As with many things, you’ve been lied to. And Greta will attempt to explain why this thing you think is no fun at all is actually very fun and healthy and mucho bueno for many folks. Ready? Then go:

 

Why Is Kink Fun?

Guest post by Greta Christina

"Bending: Dirty Kinky Stories About Pain, Power, Religion, Unicorns, & More" - by our own Greta Christina - is currently available as an ebook on Kindle, Nook, and Smashwords. Audiobook and paperback are coming soon!
“Bending: Dirty Kinky Stories About Pain, Power, Religion, Unicorns, & More” – by our own Greta Christina – is currently available as an ebook on Kindle, Nook, and Smashwords. Audiobook and paperback are coming soon!

Why is kink fun?

Why is it that some people — in very specialized, negotiated, enthusiastically consensual circumstances — find it not just acceptable, but actively and deeply pleasurable, to be controlled, dominated, physically hurt, used, objectified, shamed, humiliated, and/or have their freedom curtailed?

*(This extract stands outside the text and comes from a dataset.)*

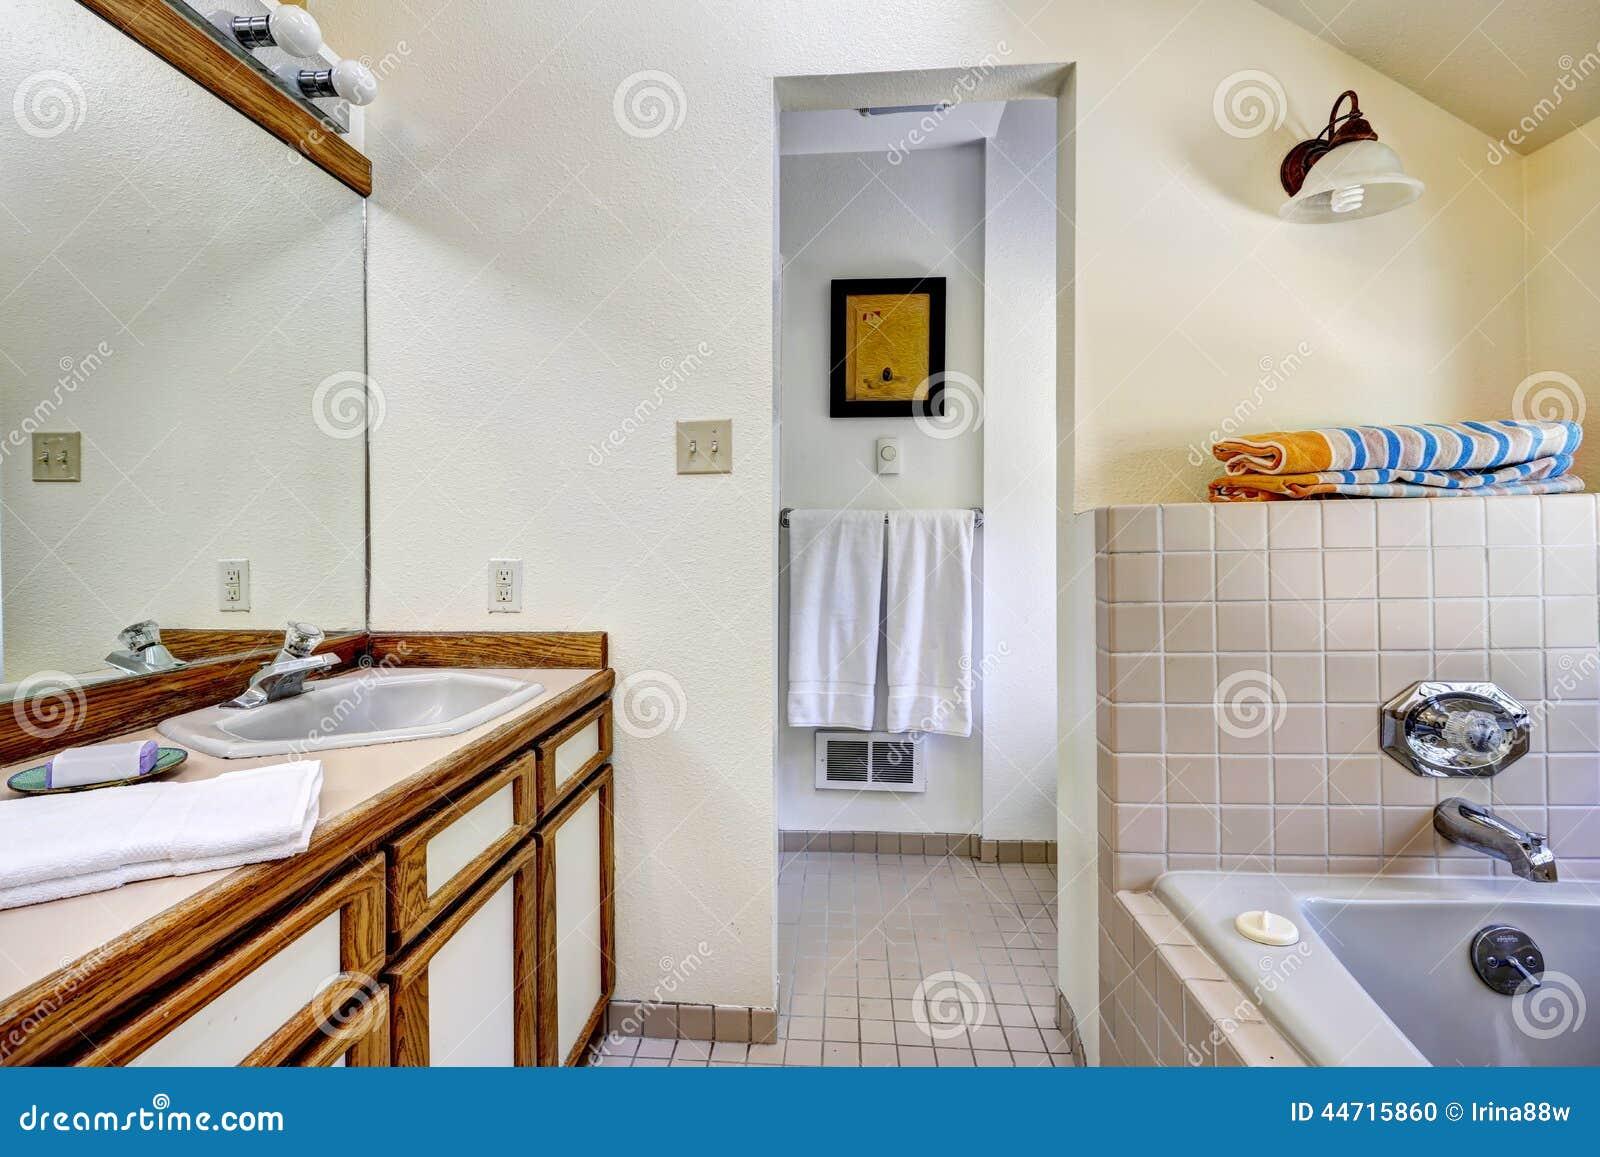 Armário Da Vaidade Do Banheiro Com Guarnição Marrom E O Grande  #743D15 1300x957 Banheiro Azul E Marrom

Quick bit of background. I’ve recently published a collection of erotic fiction — mostly kinky — titled “Bending: Dirty Kinky Stories About Pain, Power, Religion, Unicorns, & More.” (Currently available as an ebook on Kindle, Nook, and Smashwords — audiobook and paperback are coming soon.) The book has gotten an excellent reception so far, with lots of lovely gushing reviews. But it’s also been received with some bafflement, and in some cases even hostility, from a few readers and people who’ve seen excerpts or read what I’ve written about it… and who don’t understand how it can be healthy to get sexual pleasure from experiences that are so obviously unhealthy and negative and bad. Example: I got this message on Facebook recently, which I’m printing with the senders permission (anonymously at their request):

I am right in the middle of your book “Bending”. As someone who has a very “vanilla” sex drive with no kinks (literally, none.. I’m as bland as they come) I don’t quite see the appeal to feeling shame that comes with BDSM-style punishment and discipline. As someone who’s been shamed in real life by religion in years past, and by friends and family who don’t understand my hobbies and quirks, I find it hard to empathize with how shame can be a turn-on for some people.

I ask this in the most non-judgmental way possible… but, what is the appeal? I’m a little hung up on your book because I don’t understand how humiliation can be erotic. I think the book is very well written but I’m just having a hard time reading through it because there is a stark disconnect between my sexuality and the sexuality of the characters portrayed in your short stories.

Thank you very much for your time. I love the work that you do and look forward to possibly hearing back from you.

I’ve been doing kinky sex for so long, I sometimes forget how incomprehensible it sometimes seems to people who aren’t into it. But I do recognize why this might be hard to understand. In some ways, consensually sadomasochistic sex can almost be defined as sex that eroticizes, and makes pleasurable, experiences that would normally be actively unpleasant, and in some cases even horrific.

What about that feels good?

There’s a limit to how well I’m going to be able to get this across. Sex is such a personal, subjective experience. Explaining why you like any kind of sex that someone else doesn’t — kinky or otherwise — is tricky at best. Try explaining why you like sex with someone of the opposite sex — or the same sex — to someone who really, really doesn’t. It’s like trying to explain what it is that tastes good about broccoli, to someone who totally loathes it. But I’m going to take a stab.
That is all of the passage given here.